Granite-speech-3.3-2bのアーキテクチャは、以下のコンポーネントで構成されています。

(1) 音声エンコーダ：10個のコンフォーマブロックで構成され、文字レベルのターゲットに対してConnectionist Temporal Classification（CTC）を使用して訓練されています。また、4秒の音声ブロックでブロックアテンションを使用し、中間層から自己条件付きCTCを使用しています。

設定パラメータ	値
入力次元	160 (80 logmels x 2)
レイヤー数	10
隠れ次元	1024
アテンションヘッド数	8
アテンションヘッドサイズ	128
畳み込みカーネルサイズ	15
出力次元	42

(2) 音声プロジェクタと時間的ダウンサンプラー（音声テキストモダリティアダプタ）：音声エンコーダの最後のコンフォーマブロックから出力される15個の1024次元の音響埋め込みブロックに対して、2層のウィンドウクエリトランスフォーマー（q-former）を使用し、各ブロックと各レイヤーに3つの学習可能なクエリを使用して5倍にダウンサンプリングします。全体の時間的ダウンサンプリング係数は10（エンコーダから2倍、プロジェクタから5倍）で、LLMに対して10Hzの音響埋め込みレートをもたらします。エンコーダ、プロジェクタ、LoRAアダプタは、訓練データで説明されているすべてのコーパスで共同で微調整/訓練されました。
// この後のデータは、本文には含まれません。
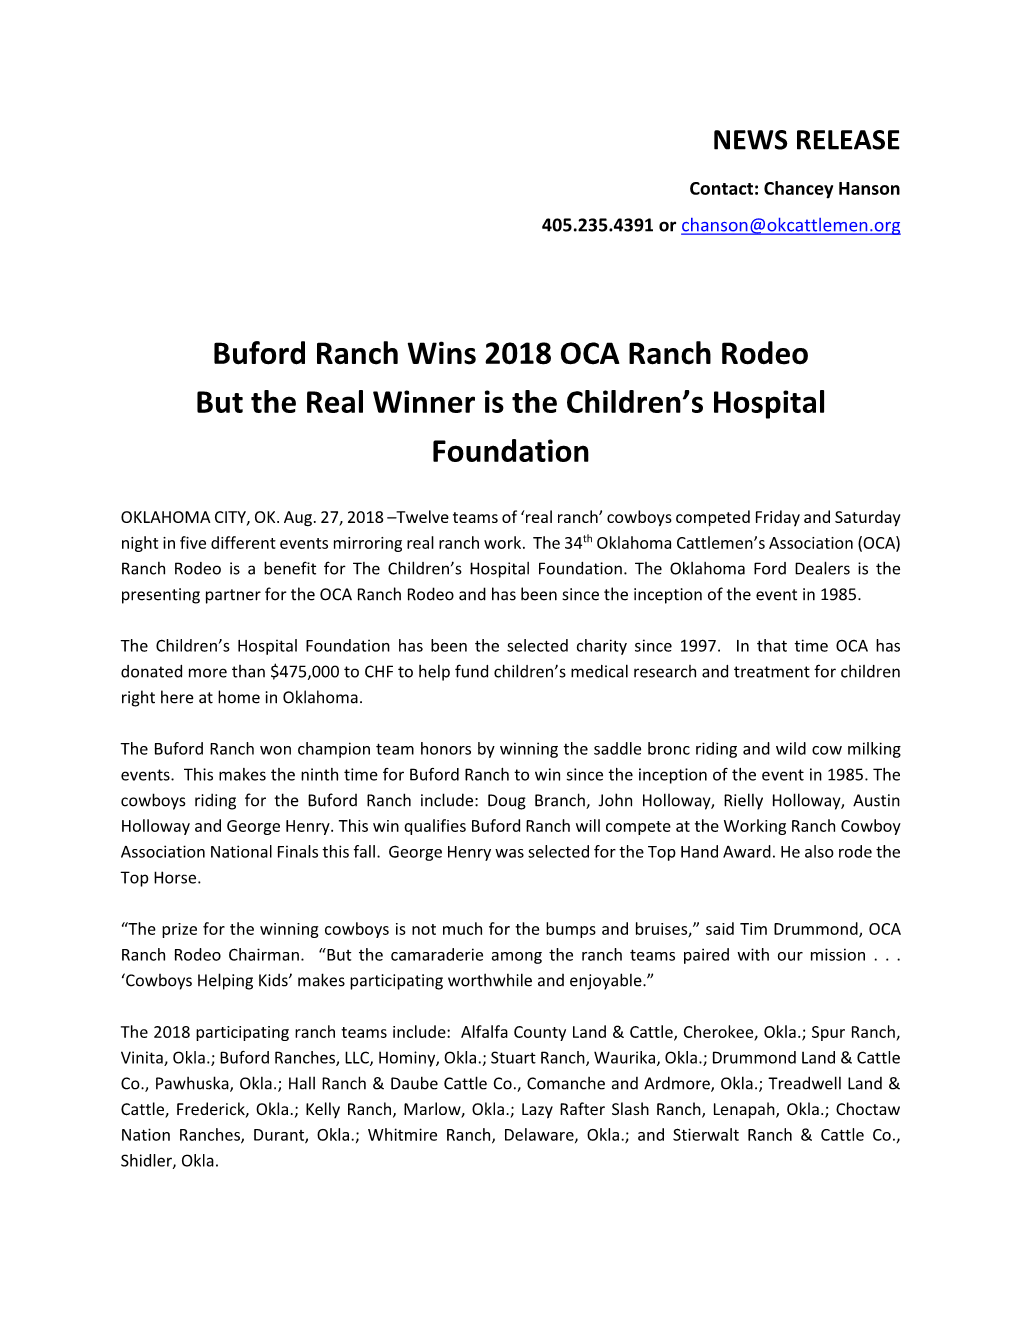 Buford Ranch Wins 2018 OCA Ranch Rodeo but the Real Winner Is the Children's Hospital Foundation
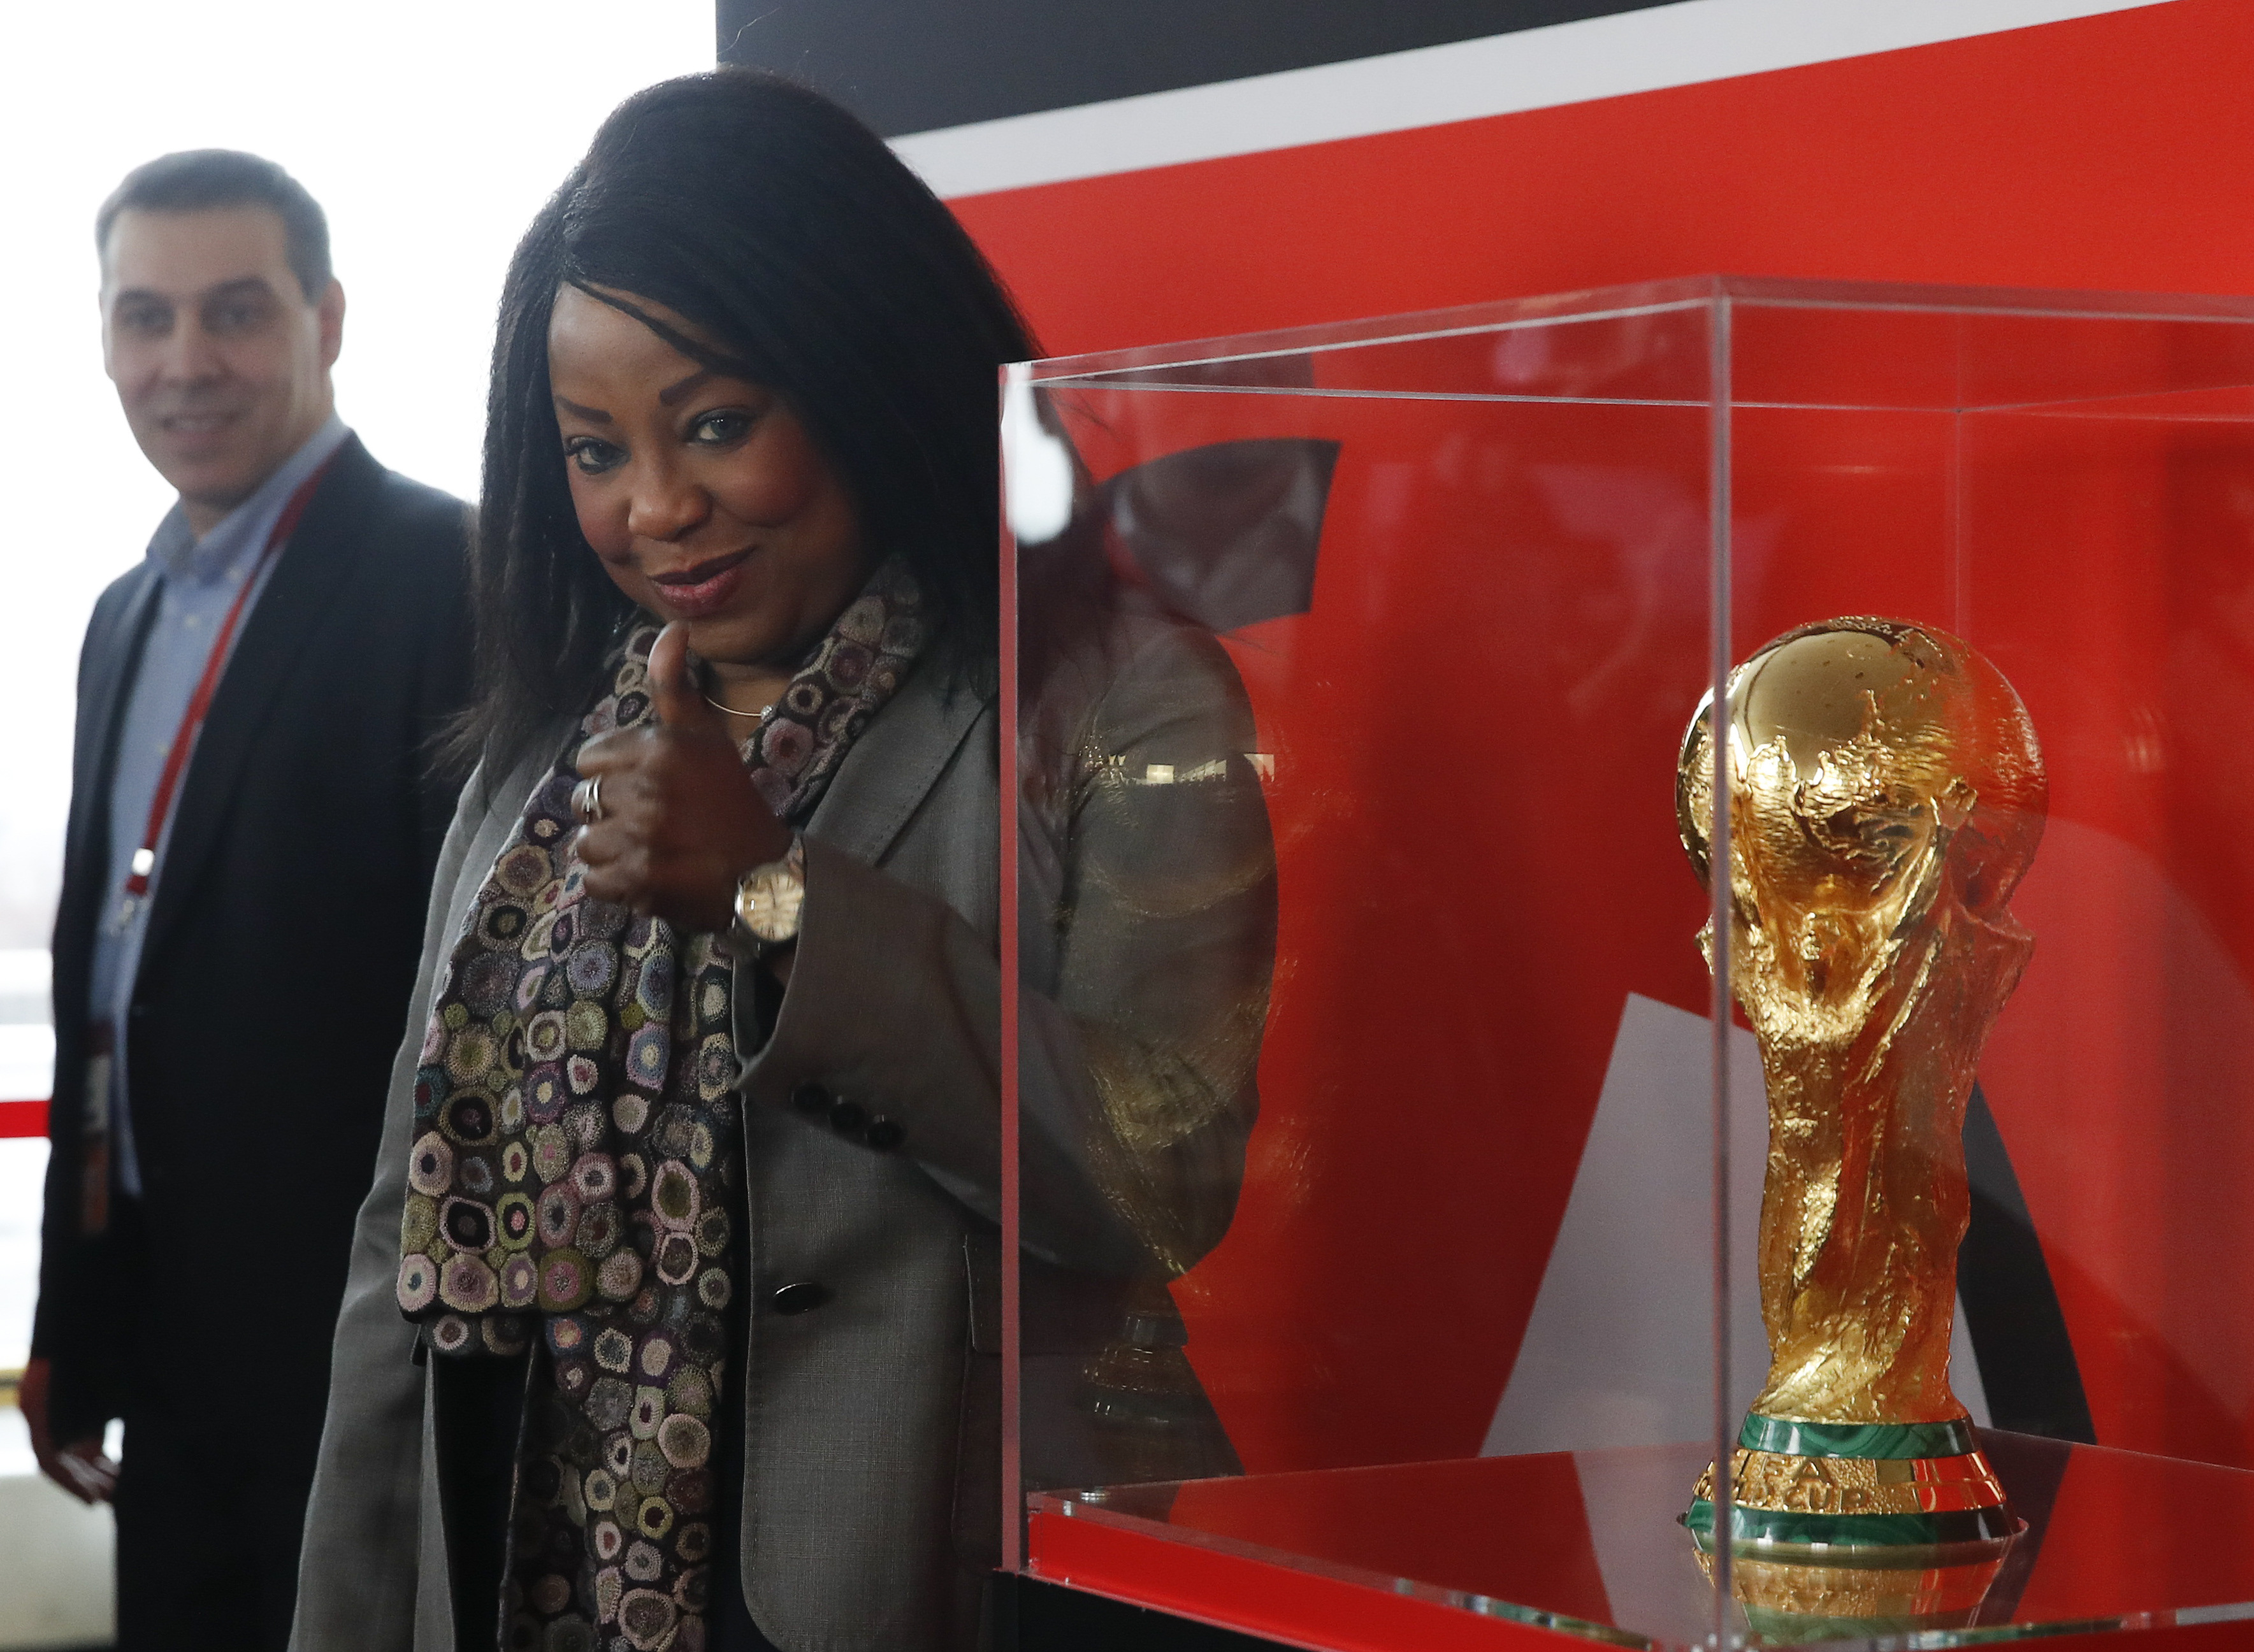 FIFA Secretary General Fatma Samoura gestures near the World Cup trophy during a demonstration in Moscow

(3) 大規模言語モデル：128kのコンテキスト長を持つgranite-3.3-2b-instruct（https://huggingface.co/ibm-granite/granite-3.3-2b-instruct）

(4) LoRAアダプタ：クエリ、値の投影行列に適用されるrank=64

訓練データ

全体として、私たちの訓練データは主に2つの主要なソースから構成されています。(1) 公開されているデータセット (2) 音声翻訳タスクを対象として公開されているデータセットから作成された合成データ。訓練データセットの詳細な説明は、以下の表に記載されています。

名前	タスク	時間数	ソース
CommonVoice-17 English	ASR	2600	https://huggingface.co/datasets/mozilla-foundation/common_voice_17_0
MLS English	ASR	44000	https://huggingface.co/datasets/facebook/multilingual_librispeech
Librispeech	ASR	1000	https://huggingface.co/datasets/openslr/librispeech_asr
VoxPopuli English	ASR	500	https://huggingface.co/datasets/facebook/voxpopuli
AMI	ASR	100	https://huggingface.co/datasets/edinburghcstr/ami
YODAS English	ASR	10000	https://huggingface.co/datasets/espnet/yodas
Switchboard English	ASR	260	https://catalog.ldc.upenn.edu/LDC97S62
CallHome English	ASR	18	https://catalog.ldc.upenn.edu/LDC97T14
Fisher	ASR	2000	https://catalog.ldc.upenn.edu/LDC2004S13
Voicemail part I	ASR	40	https://catalog.ldc.upenn.edu/LDC98S77
Voicemail part II	ASR	40	https://catalog.ldc.upenn.edu/LDC2002S35
CommonVoice-17 En->De,Es,Fr,It,Ja,Pt,Zh	AST	2600*7	Translations with Phi-4 and MADLAD

インフラストラクチャ

私たちは、IBMのスーパーコンピューティングクラスタであるBlue Velaを使用してGranite Speechを訓練しています。このクラスタは、NVIDIA H100 GPUを搭載しており、数千のGPUでモデルを訓練するためのスケーラブルで効率的なインフラストラクチャを提供します。この特定のモデルの訓練は、32台のH100 GPUで9日間で完了しました。

倫理的考慮事項と制限事項

ユーザーは、貪欲デコーディング（num_beams=1）を使用する場合や、非常に短い音声クリップ（<0.1秒）を処理する場合、モデルが信頼できない出力を生成する可能性があることに注意する必要があります。今後のアップデートがリリースされるまで、ビームサイズを1より大きくすることを推奨し、0.1秒未満の入力を避けることで、より安定した性能を確保します。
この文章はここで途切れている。